Task input —
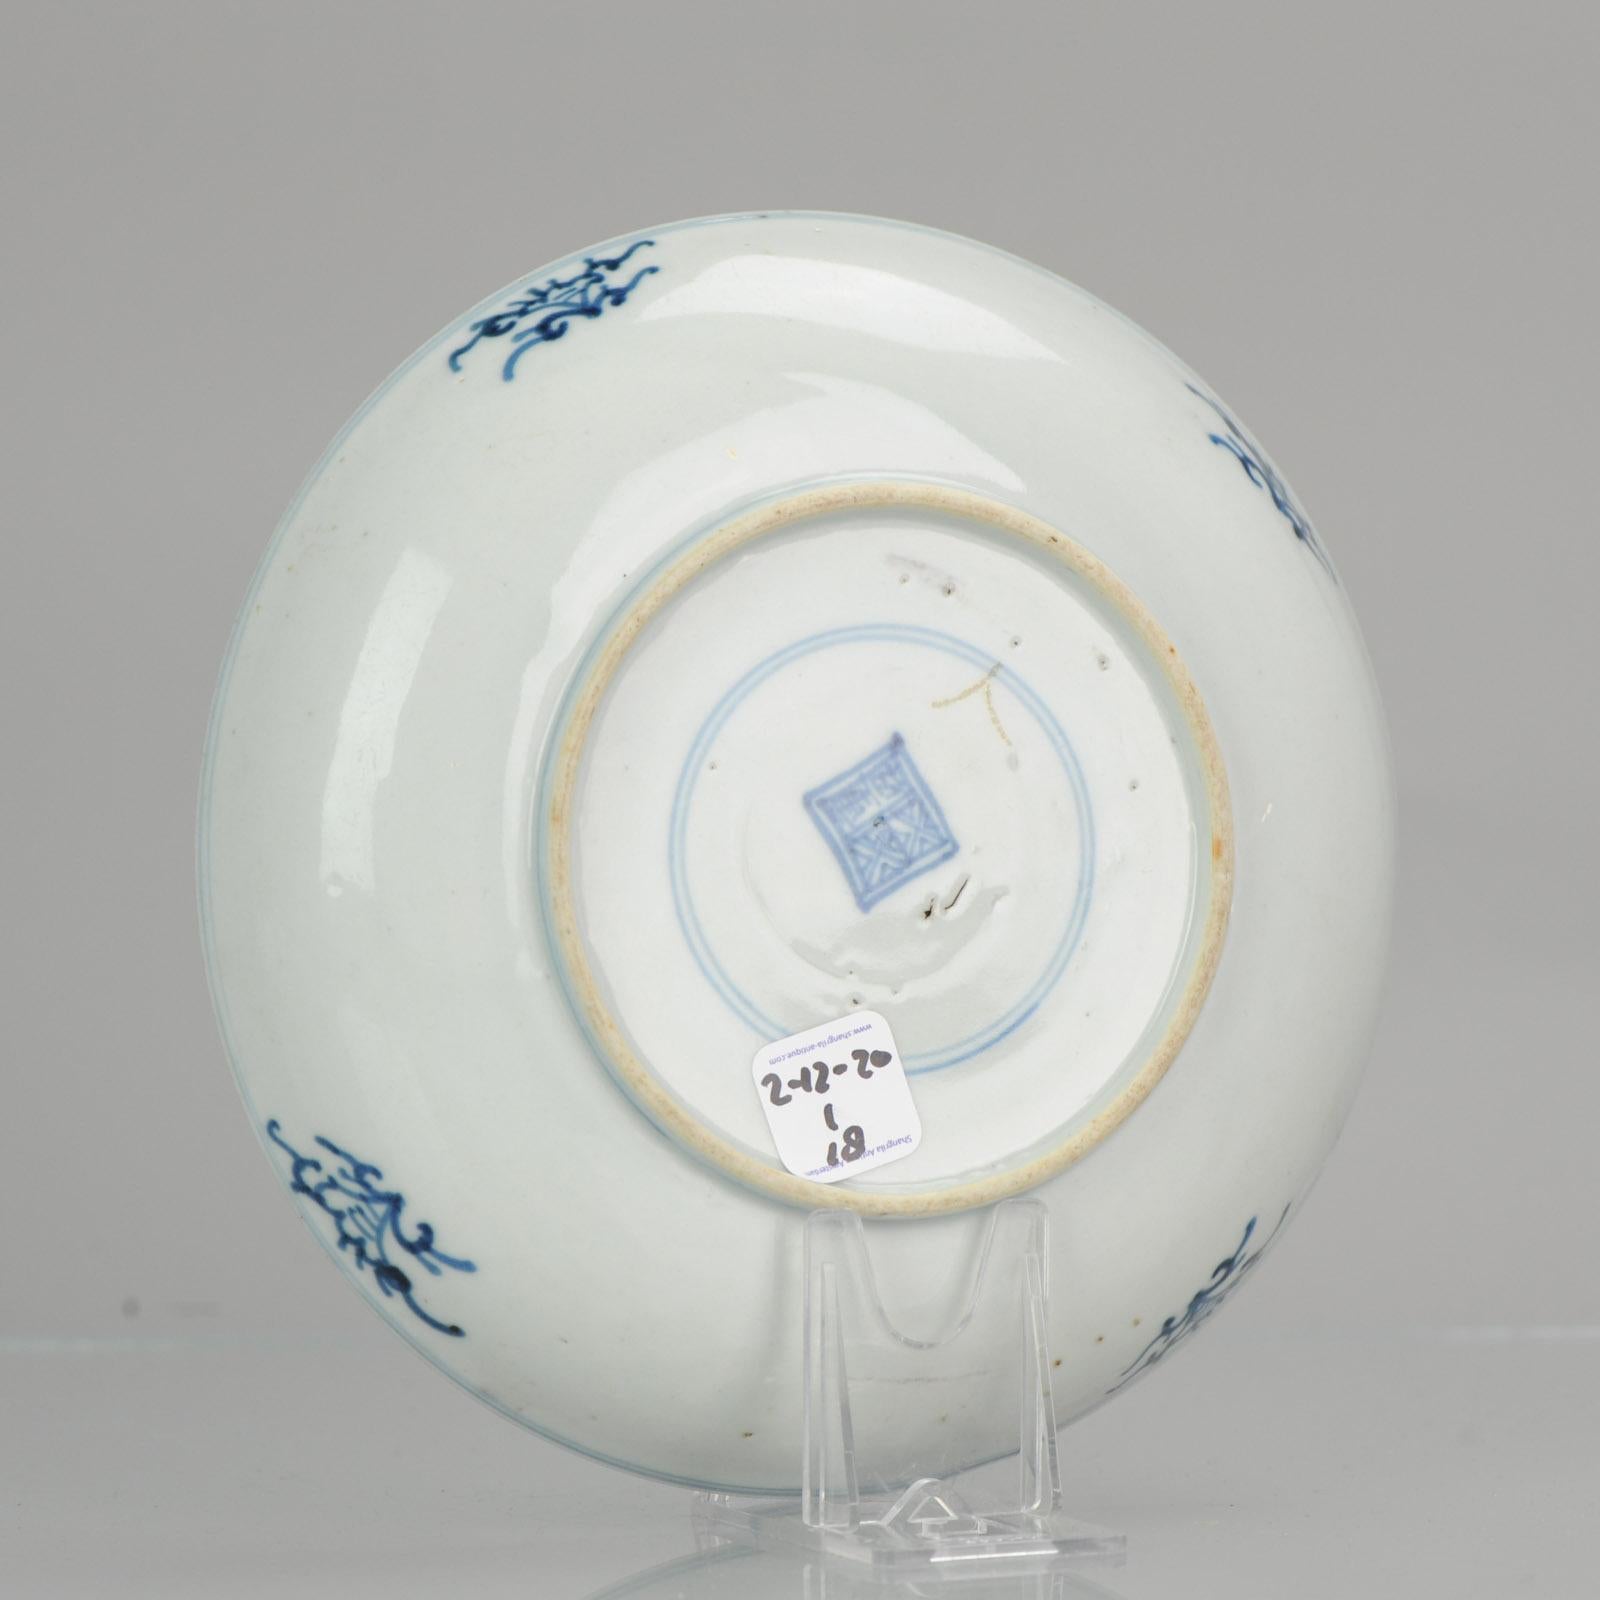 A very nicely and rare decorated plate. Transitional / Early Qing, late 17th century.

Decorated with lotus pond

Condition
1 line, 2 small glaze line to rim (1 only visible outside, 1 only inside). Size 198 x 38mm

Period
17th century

--

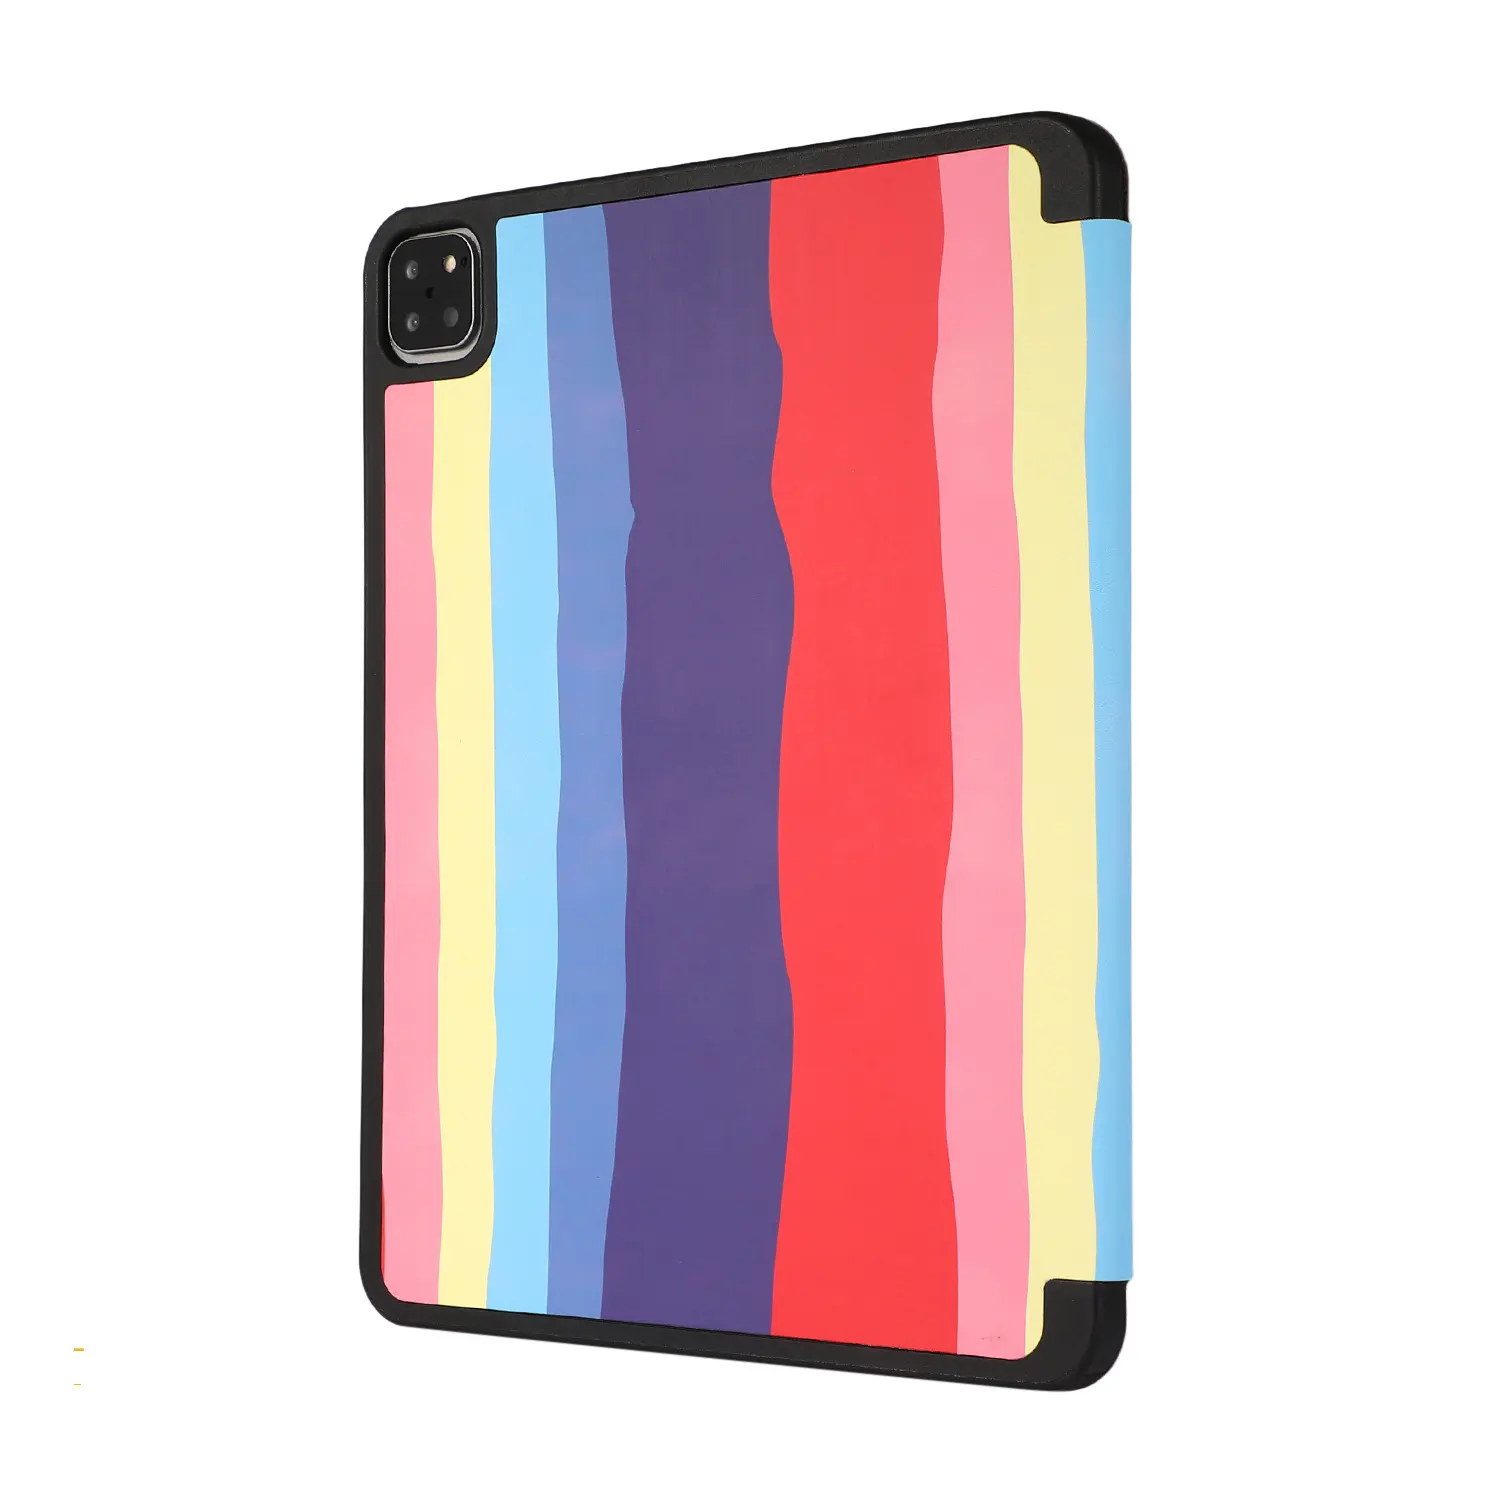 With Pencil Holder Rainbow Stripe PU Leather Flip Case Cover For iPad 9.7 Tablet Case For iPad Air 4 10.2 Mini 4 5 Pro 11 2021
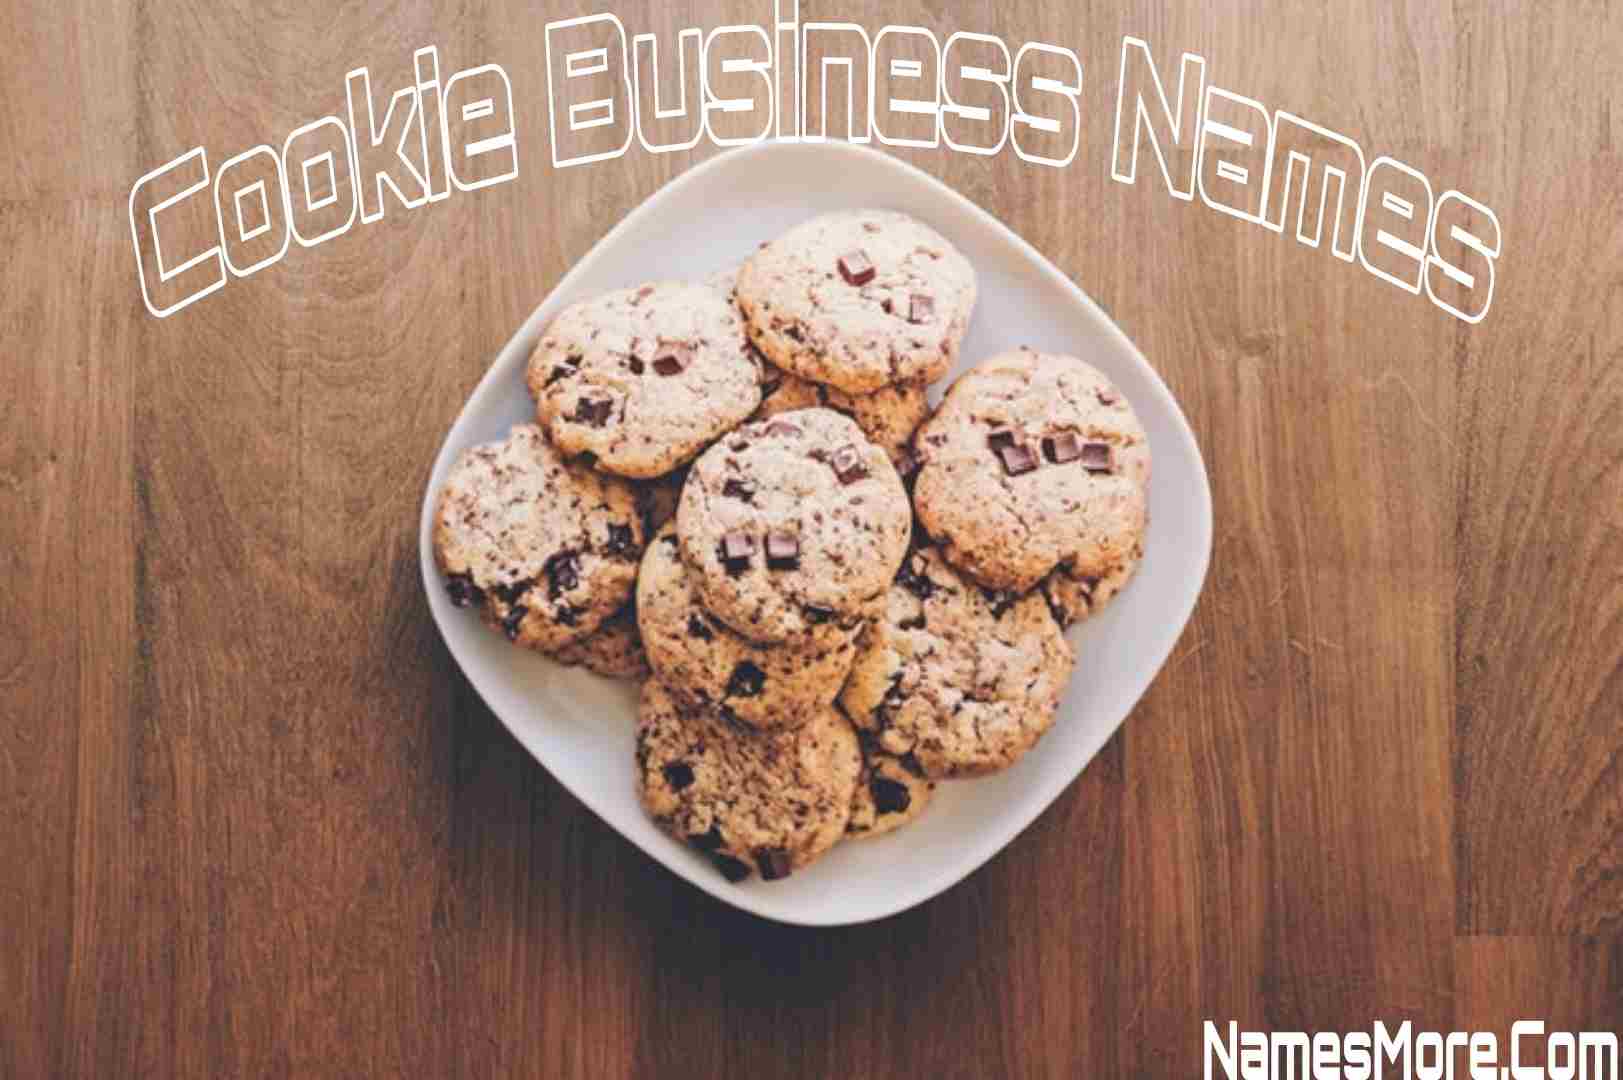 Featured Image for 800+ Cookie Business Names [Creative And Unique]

Task statement —
Set down again, exactly, every line above from the one with "With Pencil Holder" down to the one with "Featured Image for", both ends included. No pictures, and nothing else.

Task result —
 With Pencil Holder Rainbow Stripe PU Leather Flip Case Cover For iPad 9.7 Tablet Case For iPad Air 4 10.2 Mini 4 5 Pro 11 2021
 Featured Image for 800+ Cookie Business Names [Creative And Unique]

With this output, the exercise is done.